The N Antiserum to Human IgG reagent containing animal serum, produced by immunization of rabbits with highly purified human immunoglobulin (

The provided text describes a special 510(k) premarket notification for a modified device, "N Antisera to Human Immunoglobulins (IgG, IgA, and IgM)". The sole modification is the addition of a High Dose Hook (HDH) effect claim for IgG in cerebrospinal fluid (CSF) samples.

Here's a breakdown of the requested information based on the provided document:

1. A table of acceptance criteria and the reported device performance

2. Sample size used for the test set and the data provenance (e.g. country of origin of the data, retrospective or prospective)

• Sample Size: The study used a "CSF high sample pool." The exact number of individual patient samples contributing to this pool (if multiple were pooled) is not specified. However, the study involved a dilution scheme with twelve (12) individual dilution levels, including the neat sample.
• Data Provenance: Not explicitly stated.
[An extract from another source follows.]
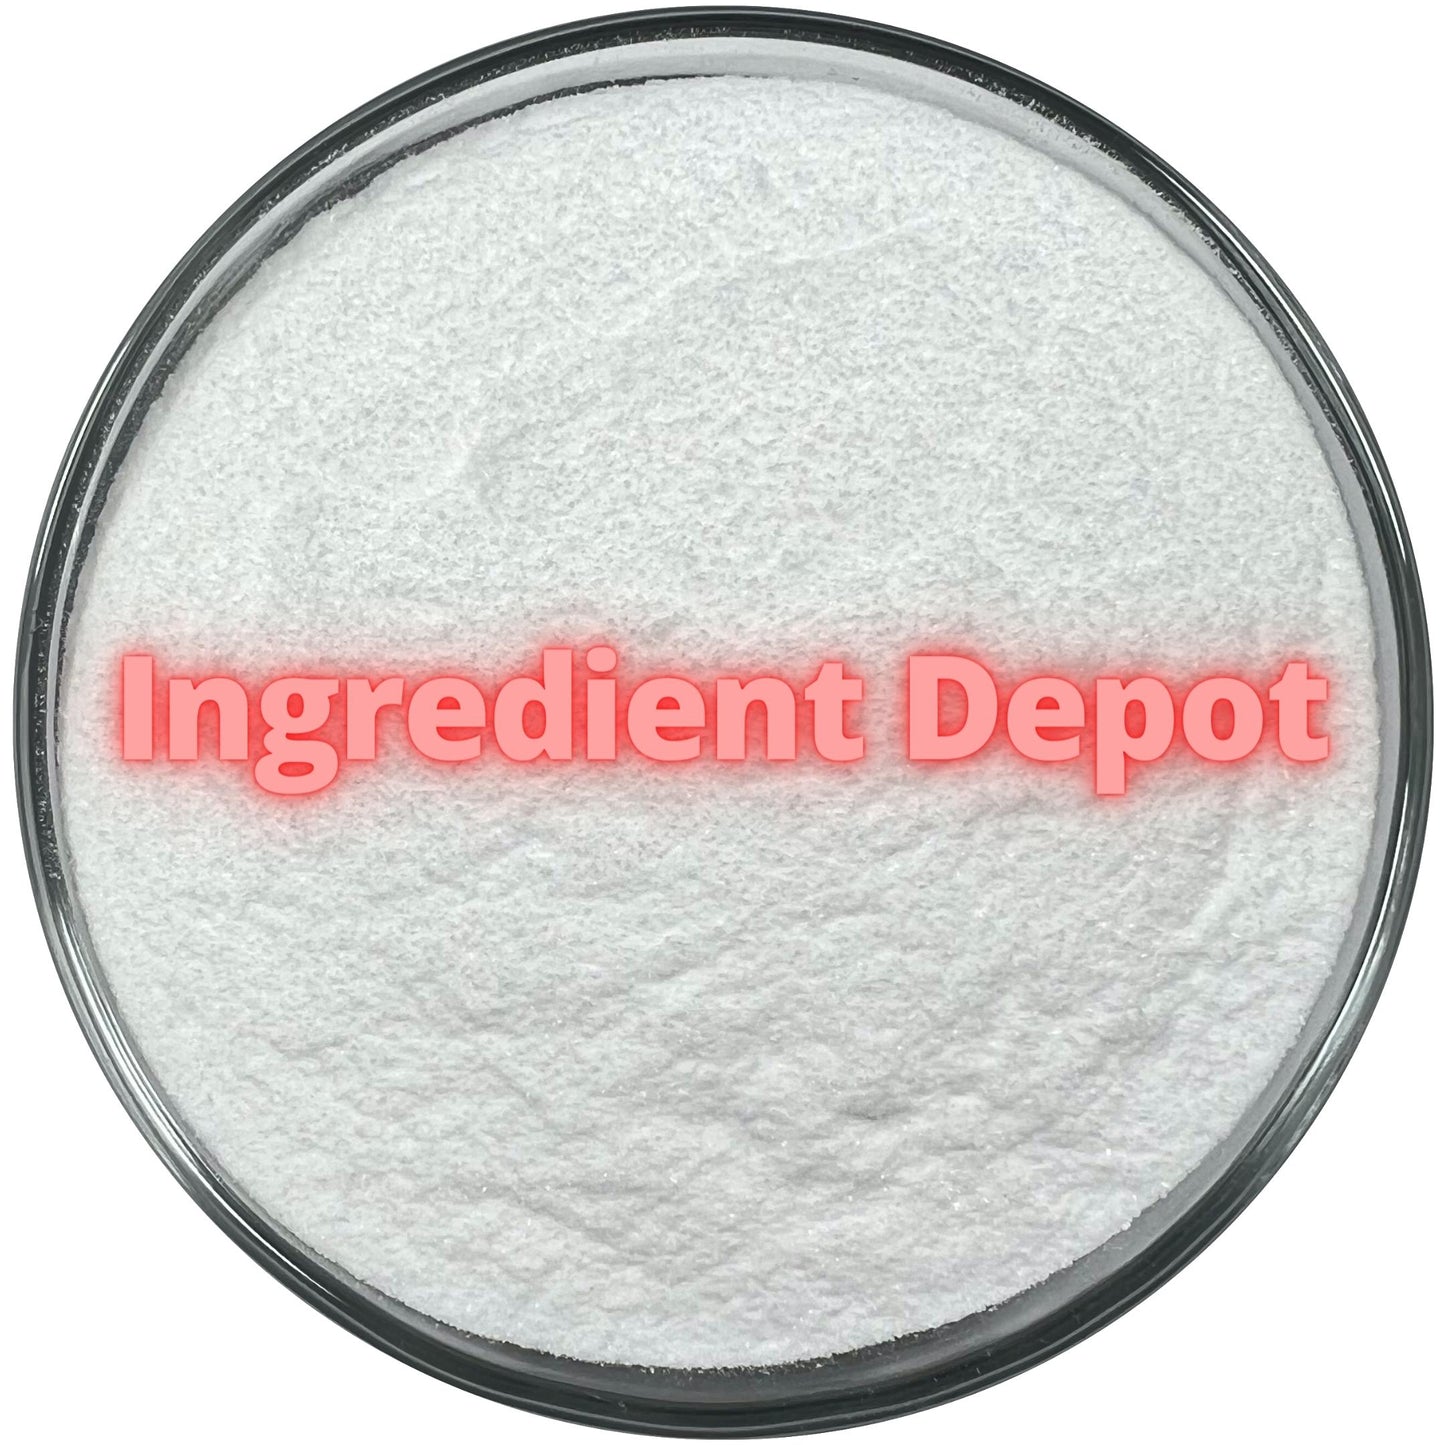 Dextrose Monohydrate, Food Grade 3 kgs - IngredientDepot.com

The manufacturer is Siemens Healthcare Diagnostics Products GmbH, located in Marburg, Germany, which suggests the study was likely conducted in Germany or a similar geographic region. It is implicitly a prospective study designed to evaluate the HDH effect for the modified device.

3. Number of experts used to establish the ground truth for the test set and the qualifications of those experts (e.g. radiologist with 10 years of experience)

This section is not applicable as the device is an in-vitro diagnostic reagent for quantitative determination, not an imaging or interpretive device that would typically require expert ground truth establishment in the described manner. The "ground truth" for this type of test is the quantitatively measured concentration of IgG in a sample, established through laboratory methods and comparison to known standards.

4. Adjudication method (e.g. 2+1, 3+1, none) for the test set

This section is not applicable. Adjudication methods like 2+1 or 3+1 are typically used for establishing ground truth in interpretive studies (e.g., radiologists reviewing images). For a quantitative in-vitro diagnostic test, the "ground truth" is determined by the analytical method itself against known standards.

5. If a multi reader multi case (MRMC) comparative effectiveness study was done, If so, what was the effect size of how much human readers improve with AI vs without AI assistance

This is not applicable. The device is an in-vitro diagnostic reagent, not an AI-assisted diagnostic tool or an imaging device requiring human reader interpretation. No MRMC study was performed.

6. If a standalone (i.e. algorithm only without human-in-the-loop performance) was done

This refers to the performance of the analytical system (N Antisera reagent on BN II System) without human intervention in the measurement process. The HDH study performed is a standalone performance evaluation of the reagent/instrument system. The acceptance criteria and performance data in the table above demonstrate this standalone performance.

7. The type of ground truth used (expert consensus, pathology, outcomes data, etc.)

For this in-vitro diagnostic device, the "ground truth" for the High Dose Hook study was established by creating known dilutions of a high-concentration CSF sample, which were then measured by the device. The reported concentrations for these dilutions serve as the reference. The ultimate analytical ground truth for the quantitative measurement itself is tied to international standards like ERM-DA470k/IFCC (as stated in the "Traceability/Standardization" section).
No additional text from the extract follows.